Our method consists of generated content in authoritative sign language resources, including three official Chinese dictionaries [30,31,32] and the Turkish National Sign Language Dictionary [33], comprising approximately 8000 vocabulary entries (1 MB of text). For text generation, we utilize Moonshot https://platform.moonshot.cn/(accessed on 26 March 2025) AI models (v1-8K/v1-32K) to produce synonym variants, expert-verified descriptions, and part-specific texts. All implementations use PyTorch 1.8.1 running on A100-PCIE-40GB GPU hardware (manufactured by NVIDIA Corporation, Santa Clara, CA, USA).

4.2. Comparison with State-of-the-Art Methods

In this section, we compare our method with the existing state-of-the-art (SOTA) methods using the SLR-500 dataset. Additionally, we also conduct performance comparisons using the large-scale AUTSL sign language dataset.

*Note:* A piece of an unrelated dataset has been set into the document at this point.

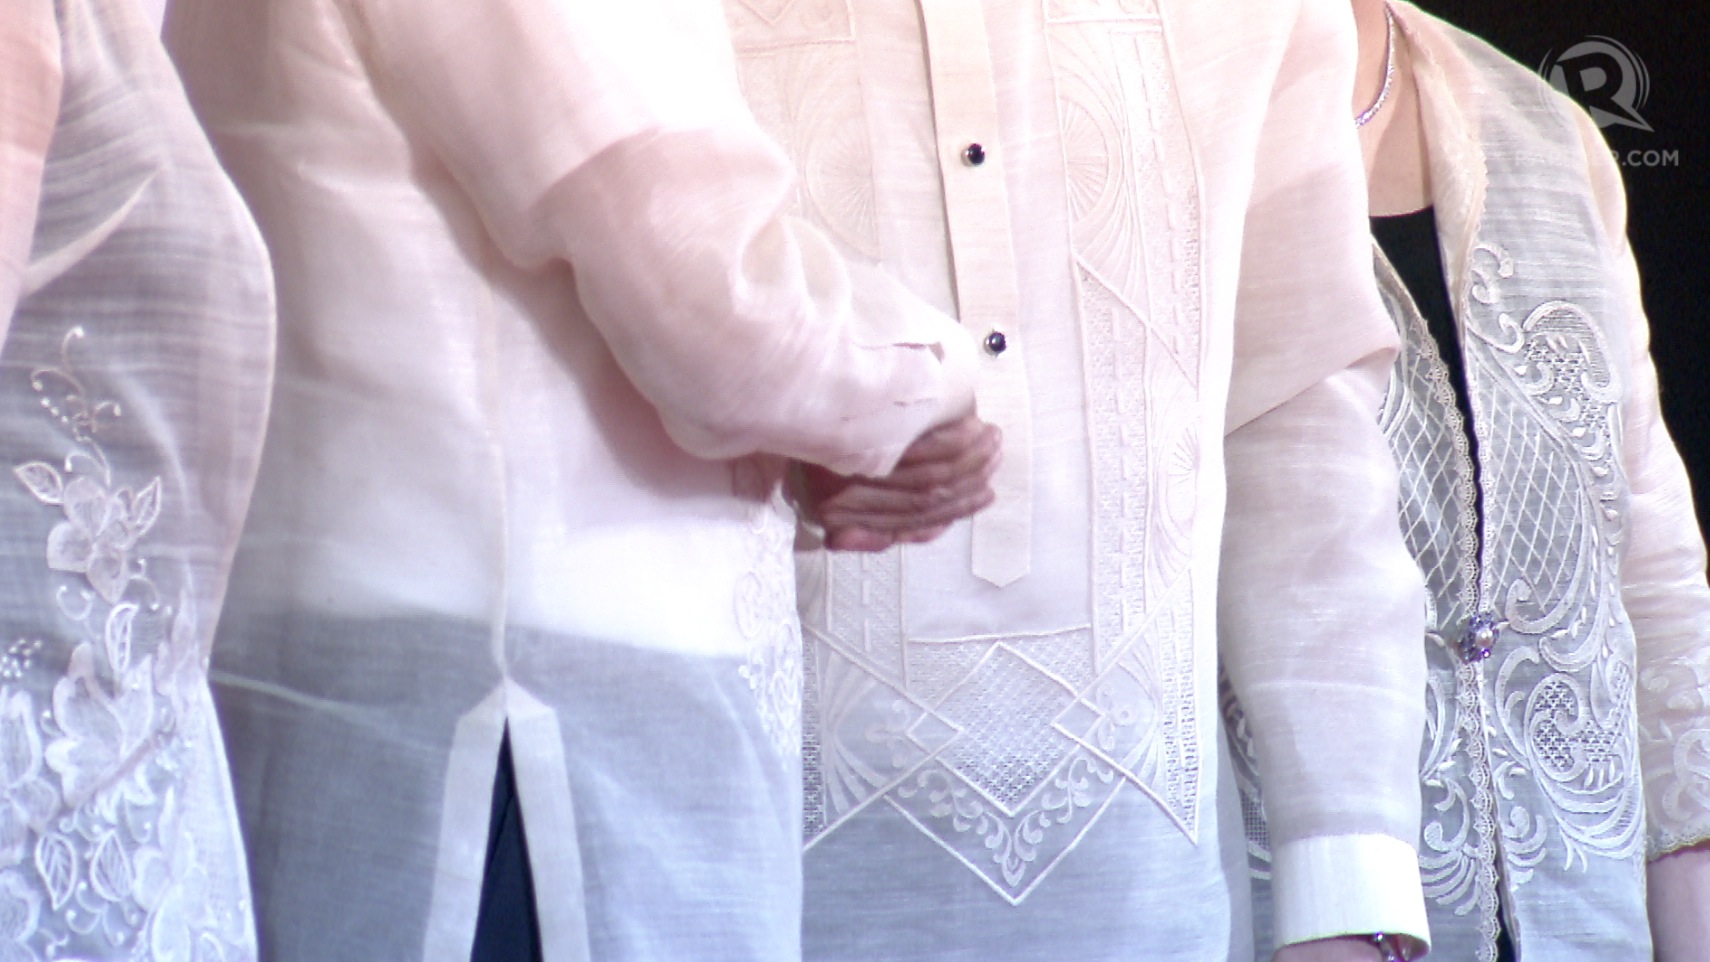 DETAILS. The embroidery on the Paul Cabral's barong designs. Rappler screengrab

4.2.1. Performance Comparison on SLR-500 Dataset

Current SOTA methods exhibit several limitations that our approach addresses. While SignBERT effectively models hand gestures as visual tokens and BEST successfully applies BERT-style pre-training to triplet units, these methods predominantly focus on manual features, potentially neglecting crucial non-manual elements like facial expressions and body postures. Similarly, MASA’s motion-aware autoencoder, though powerful, faces an information bottleneck from single-positive contrastive learning.
In contrast, our method demonstrates significant advantages in several respects. First, our method benefits from the action descriptions of various body parts related to sign language in the text features, emphasizing various action features of the human body related to sign language. By incorporating these text features, our model can more comprehensively understand sign language actions, including not only hand gestures but also other important information such as facial expressions and body postures. This helps the model capture subtle differences in sign language more accurately, achieving performance comparable to or even better than SOTA methods on the SLR-500 dataset. Furthermore, our method performs well in feature representation at both the joint and bone levels, indicating that the model can effectively utilize feature information at different levels. Particularly in the four-stream setting in Table 2, our method achieved an accuracy of 97.1%, demonstrating its powerful capability to handle more complex sign language action sequences.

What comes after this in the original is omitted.